- _What the exercise asks_:
In the entries below, find the line with "women's casual bubble" and the line with "Royal / Of Nobility"; reproduce those two lines and all lines between them exactly, without pictures.

**** Records

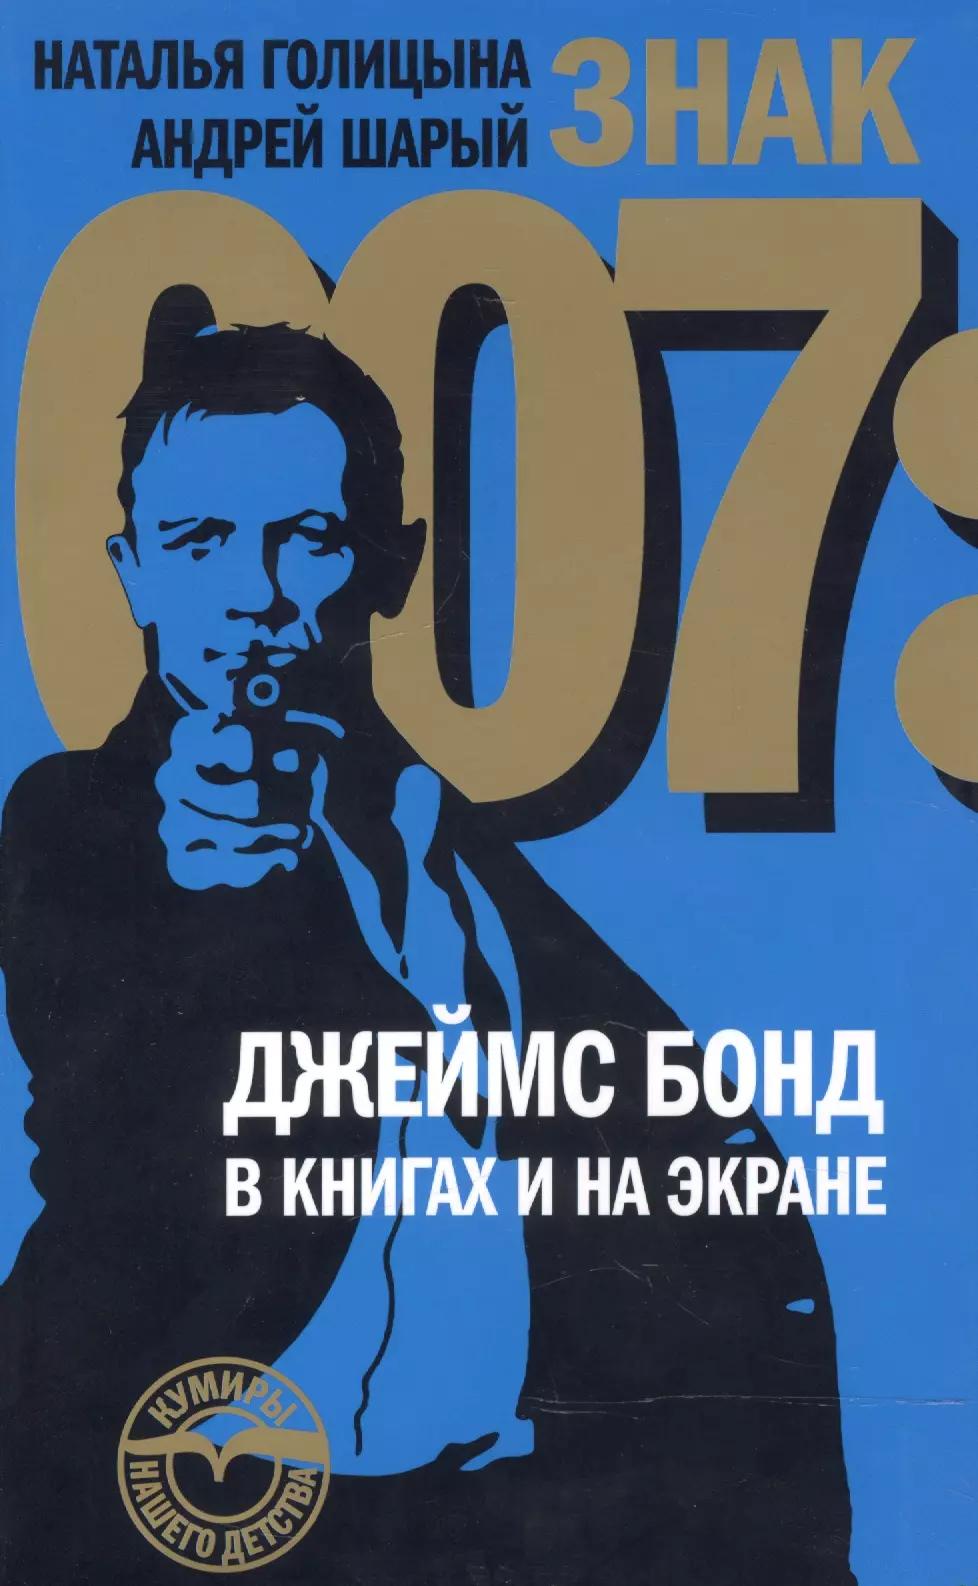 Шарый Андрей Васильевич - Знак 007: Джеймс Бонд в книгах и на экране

********
**** Records

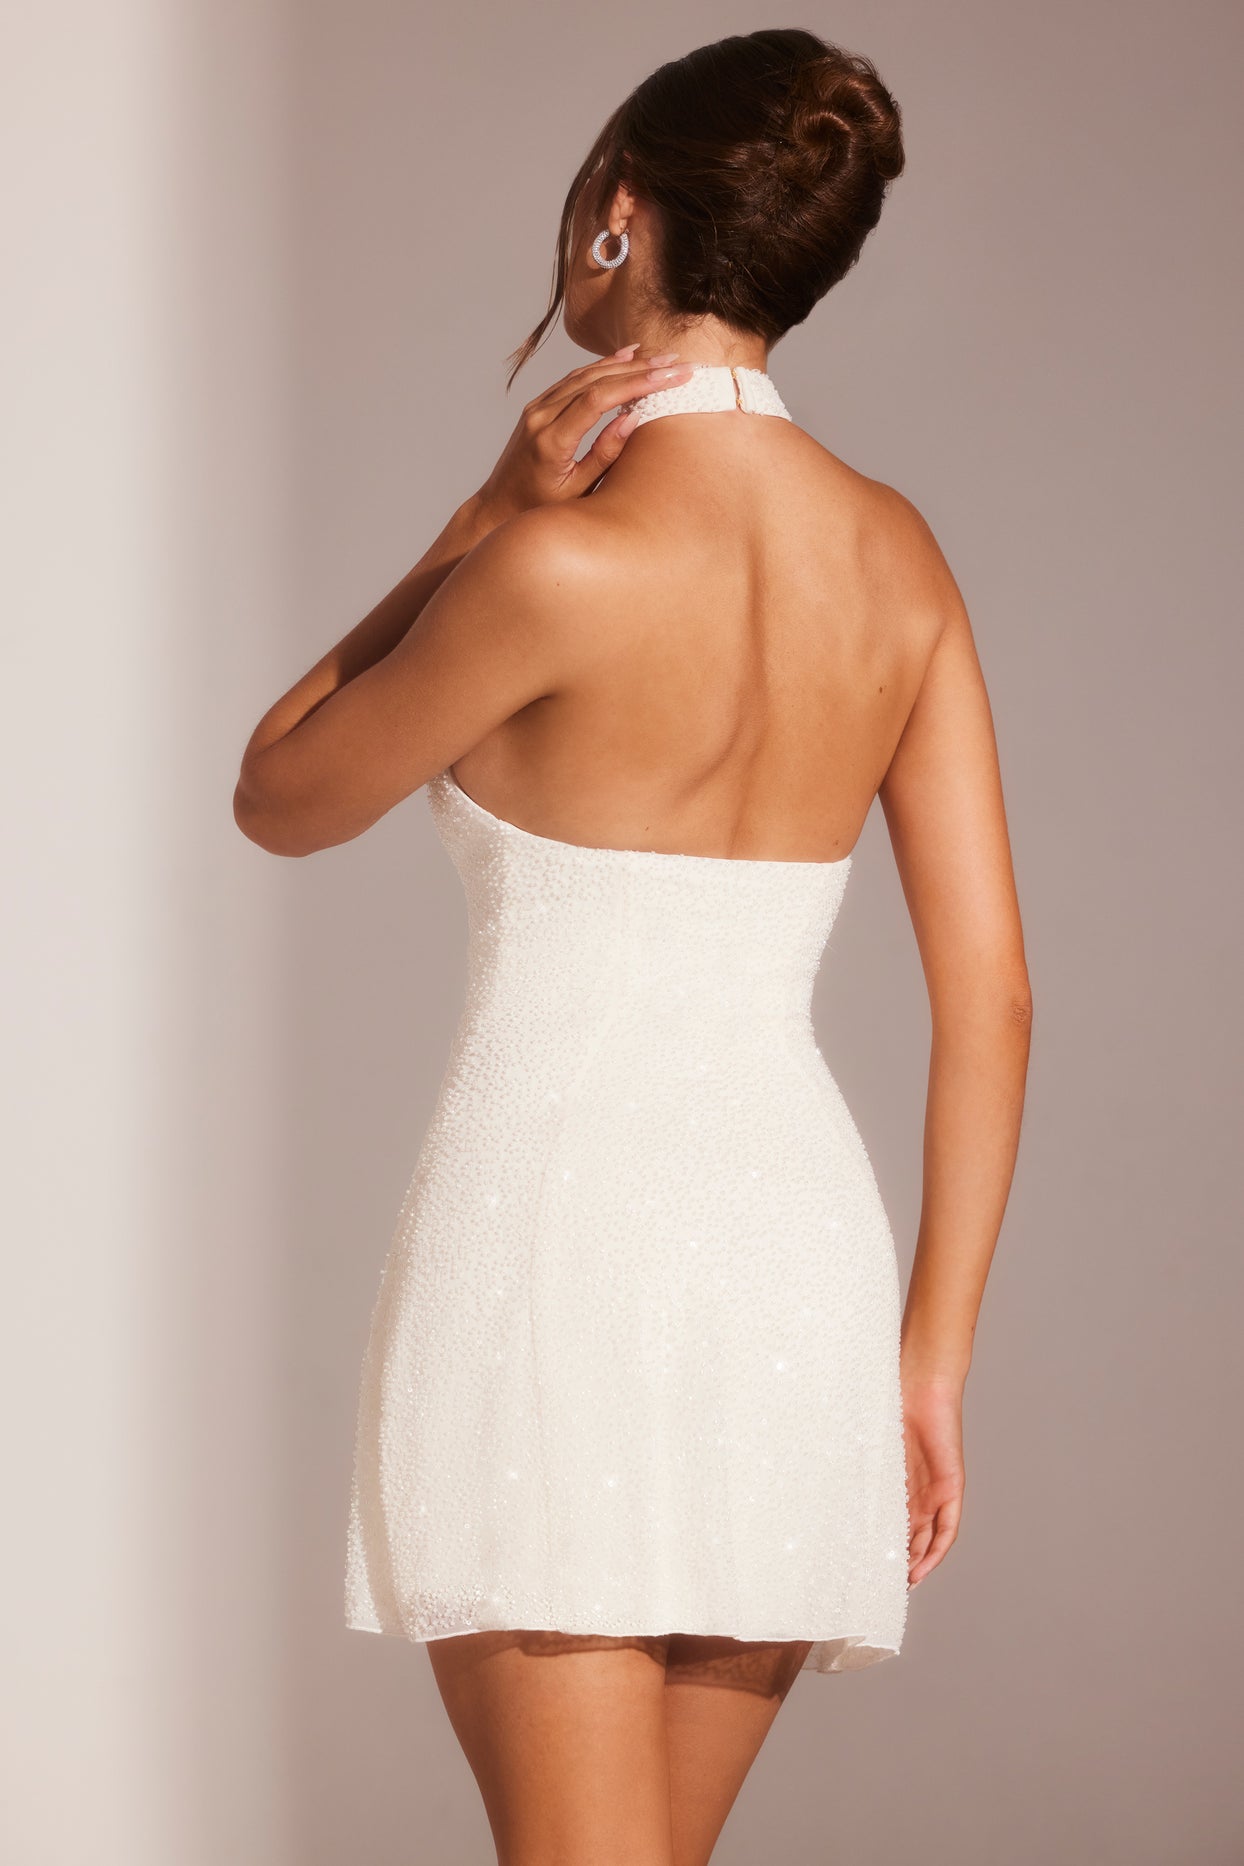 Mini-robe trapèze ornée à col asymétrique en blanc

********
**** Records

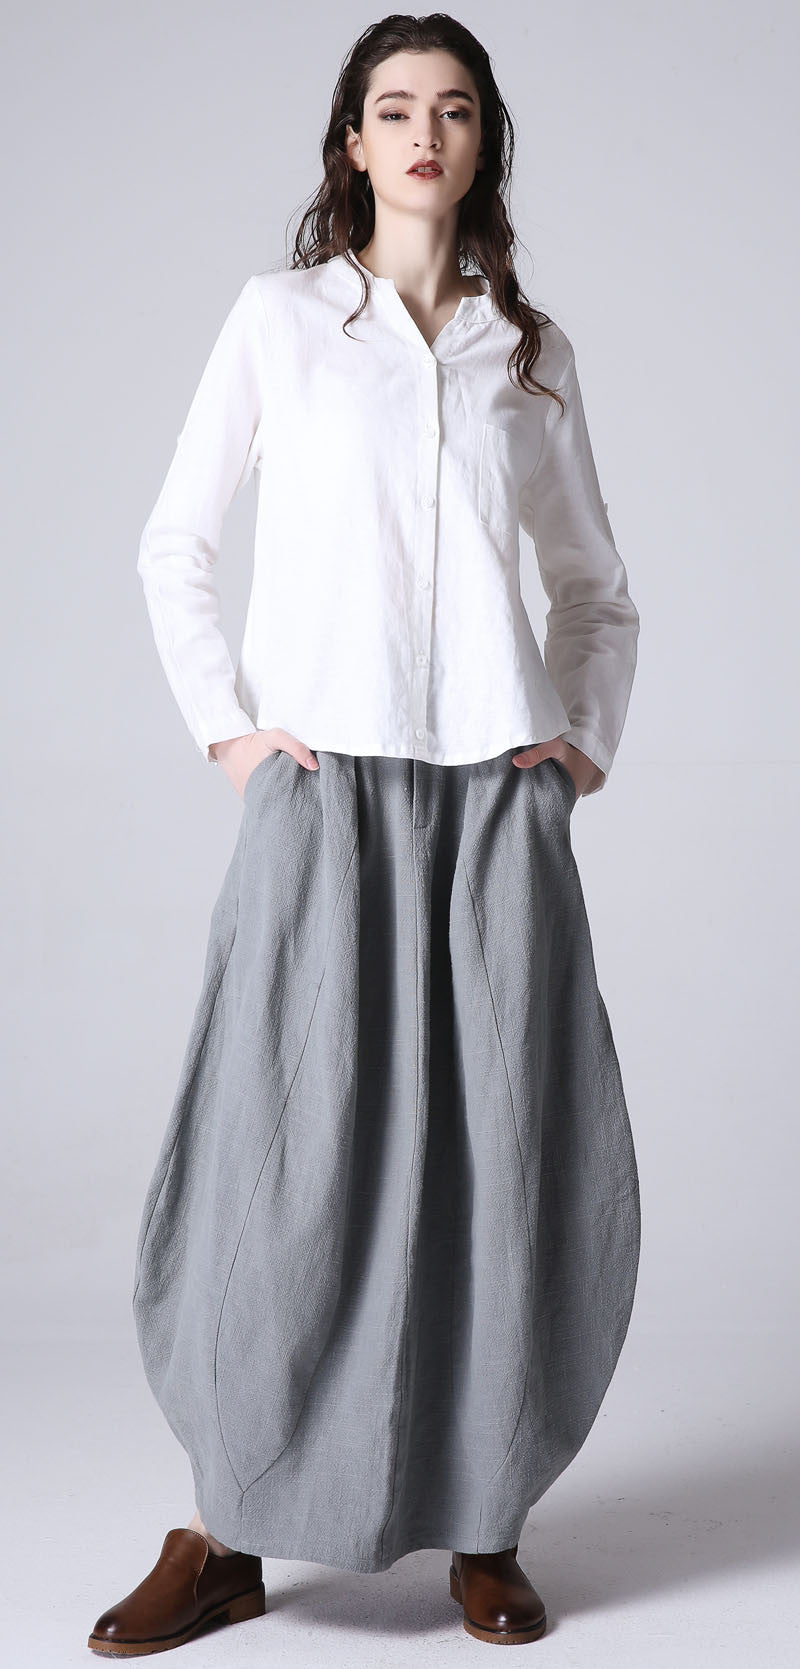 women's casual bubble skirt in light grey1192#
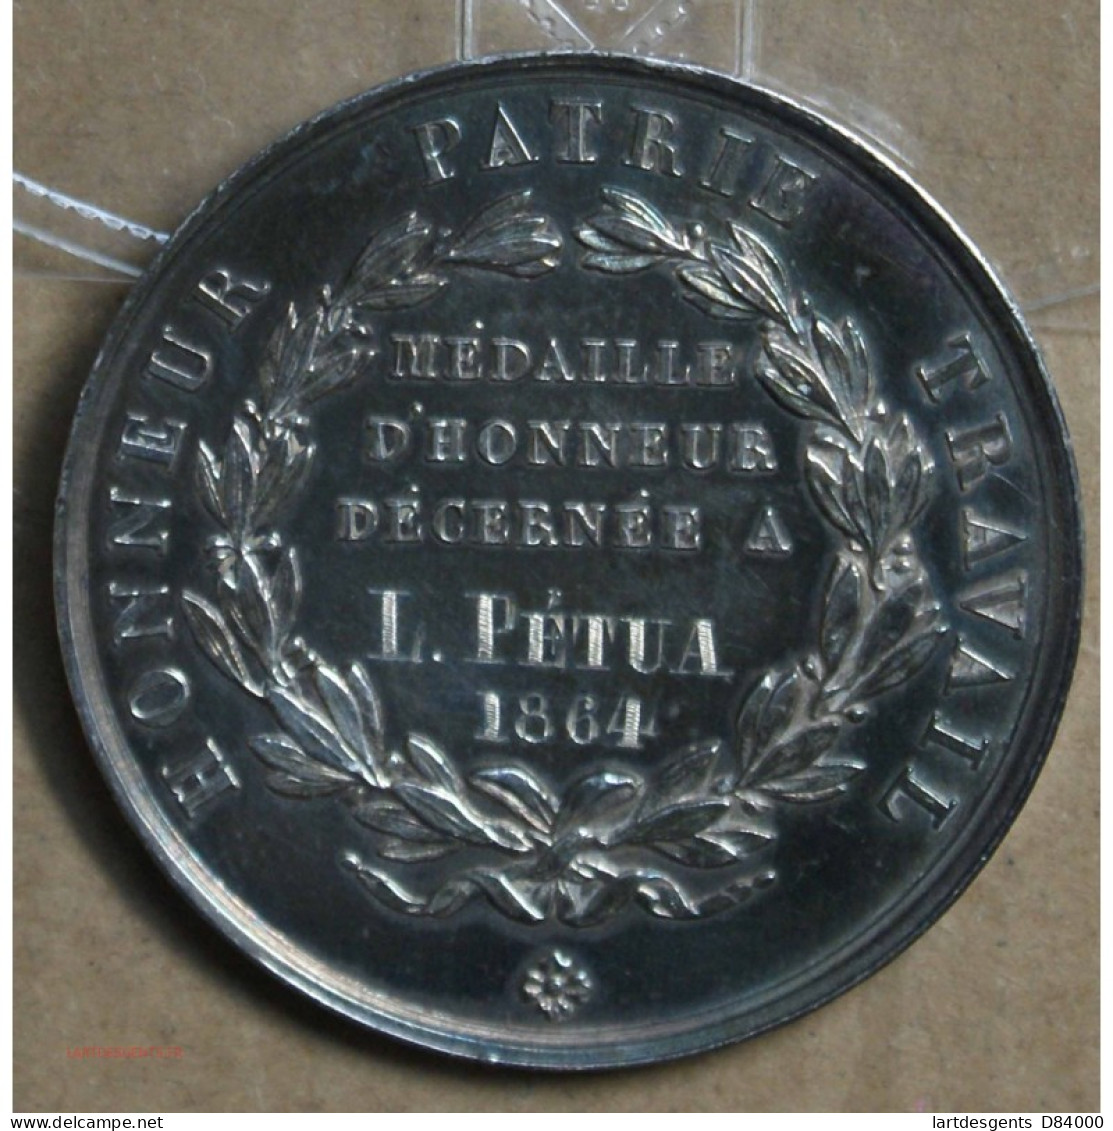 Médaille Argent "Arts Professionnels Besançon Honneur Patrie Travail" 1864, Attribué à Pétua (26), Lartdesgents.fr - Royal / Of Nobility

********

- _Written answer_:
 women's casual bubble skirt in light grey1192#
 Médaille Argent "Arts Professionnels Besançon Honneur Patrie Travail" 1864, Attribué à Pétua (26), Lartdesgents.fr - Royal / Of Nobility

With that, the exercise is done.